In the purple.inet routing table, which is the external routing table, the line of output that starts with 1.1.1.6/32 shows that for a route to Device CE2 in AS3, an internal next hop of 10.1.5.17 and an external next hop of 10.1.7.26 are installed in the table.

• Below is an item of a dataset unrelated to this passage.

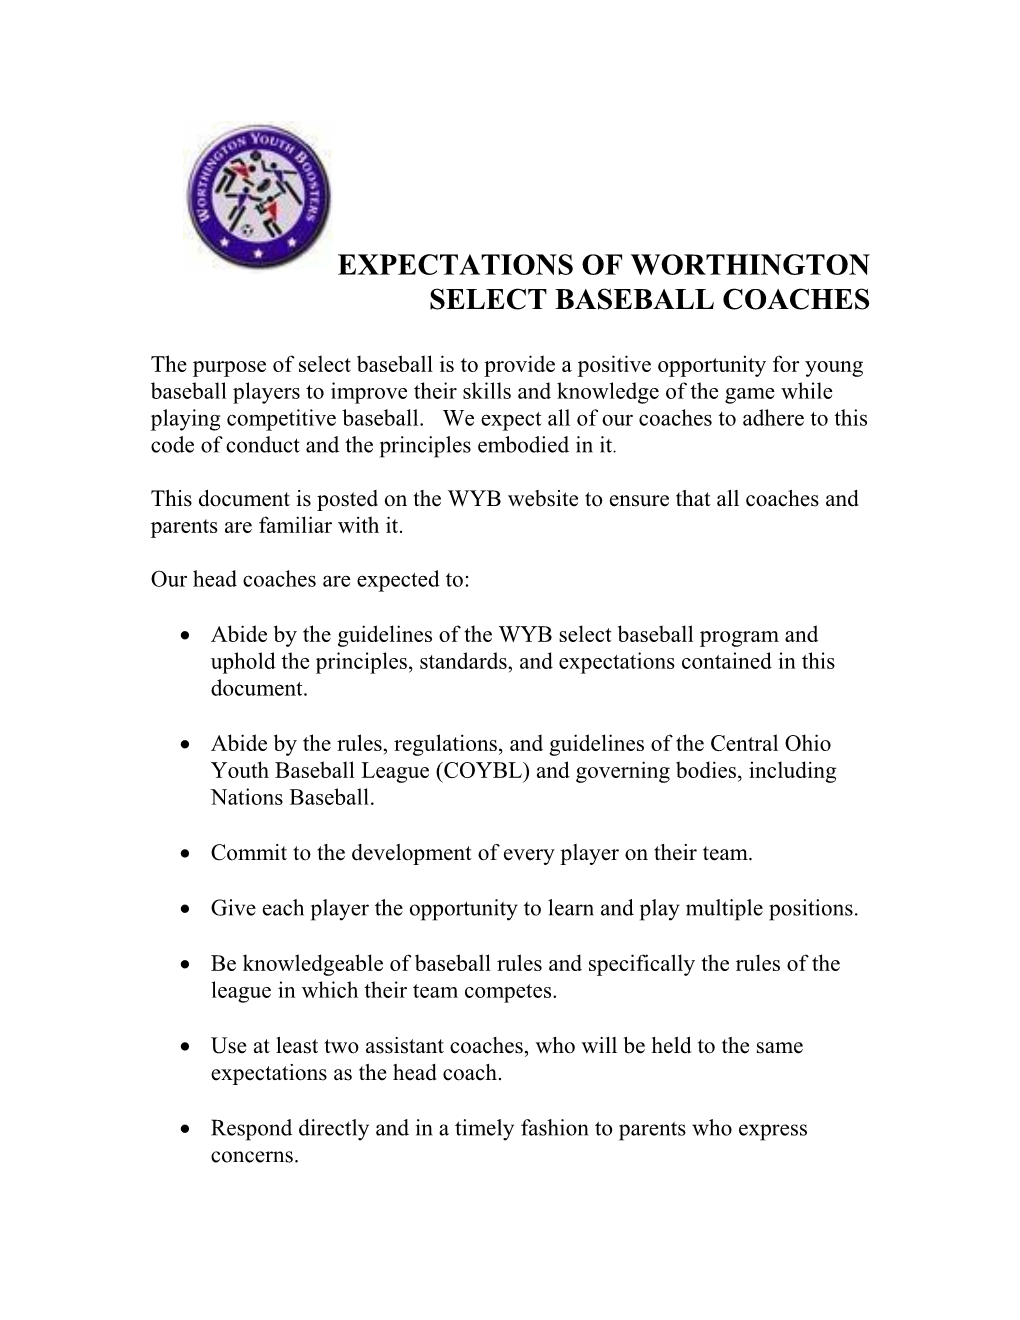 Expectations of Worthington Select Baseball Coaches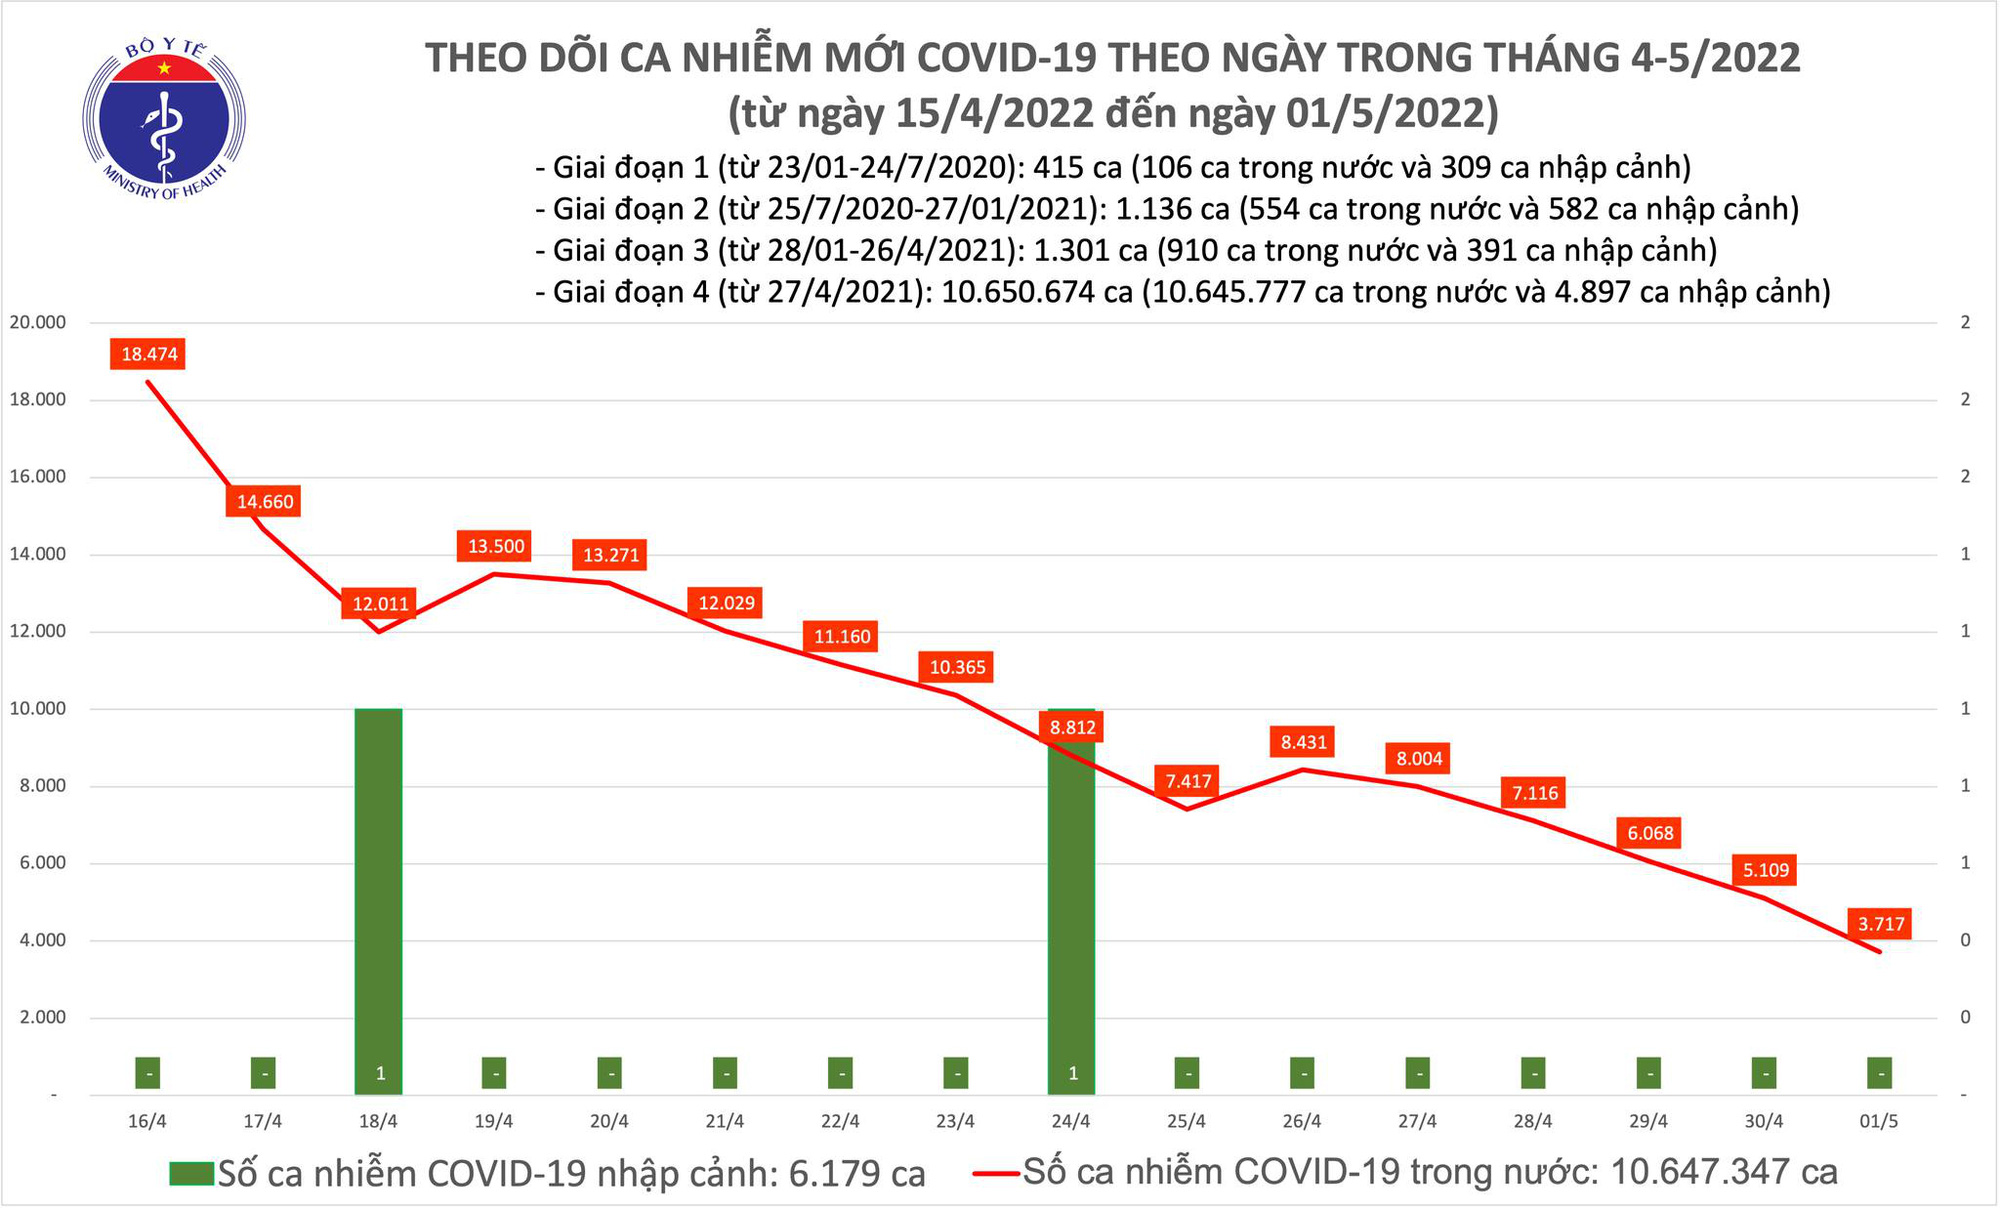 Covid-19 ngày 1/5: Có 3.700 ca Covid-19 mới và 1 ca tử vong - Ảnh 1.

This indicates that both internal and external BGP routes are operational in the network.
user@PE3> show route forwarding-table destination
10.1.2.6
Router: PE3
Routing table: default.inet
Internet:
Destination Type RtRef Next hop Type Index NhRef Netif
10.1.2.4/30 user 0 ulst 1048580 2
10.1.3.9 ucst 999 8 ge-2/1/10.10
10.1.5.17 ucst 1243 12 ge-2/1/10.18
Router: PE3
Routing table: __master.anon__.inet
Internet:
Destination Type RtRef Next hop Type Index NhRef Netif
default perm 0 rjct 909 1
Router: PE3
Routing table: purple.inet
Internet:
Destination Type RtRef Next hop Type Index NhRef Netif
default perm 0 rjct 918 1
The line of output that starts with 10.1.2.4/30 shows that for a route from Device PE3 to Device PE2 in the same AS, two next hops are installed in the table: 10.1.3.9 through the ge-2/1/10.10 interface, and 10.1.5.17 through the ge-2/1/10.18 interface.
Meaning
Multiple next hops for a route, including external BGP routes, are installed in the forwarding tables.
Verifying Load Balancing While Using IP Header Filtering
Purpose
Verify that filtered traffic reaches the egress CE devices after load balancing has been configured on the PE devices.
Action
Configure a firewall filter on Device PE3 on the interface connecting to Device CE2.
Similarly, configure a firewall filter on Device PE3 on the interface facing Device CE3, and another on Device PE2 on the interface facing Device CE2.
Count the packets exiting the egress interfaces on Devices PE2 and PE3 by using the show firewall filter <filter name> counter <counter name> operational mode command. The output confirms if load balancing takes place with IP header filtering configured (enabled by the vrf-table-label statement). If all transmitted packets have been load-balanced between the paths PE3->CE2, PE3->CE3, and PE2->CE2, then it means that the IP header filtering feature works in a load-balanced Layer 3 network.
You can clear the counter by using the clear firewall filter <filter name> counter <counter name> operational mode command.
Meaning
Load balancing takes place with IP header filtering configured.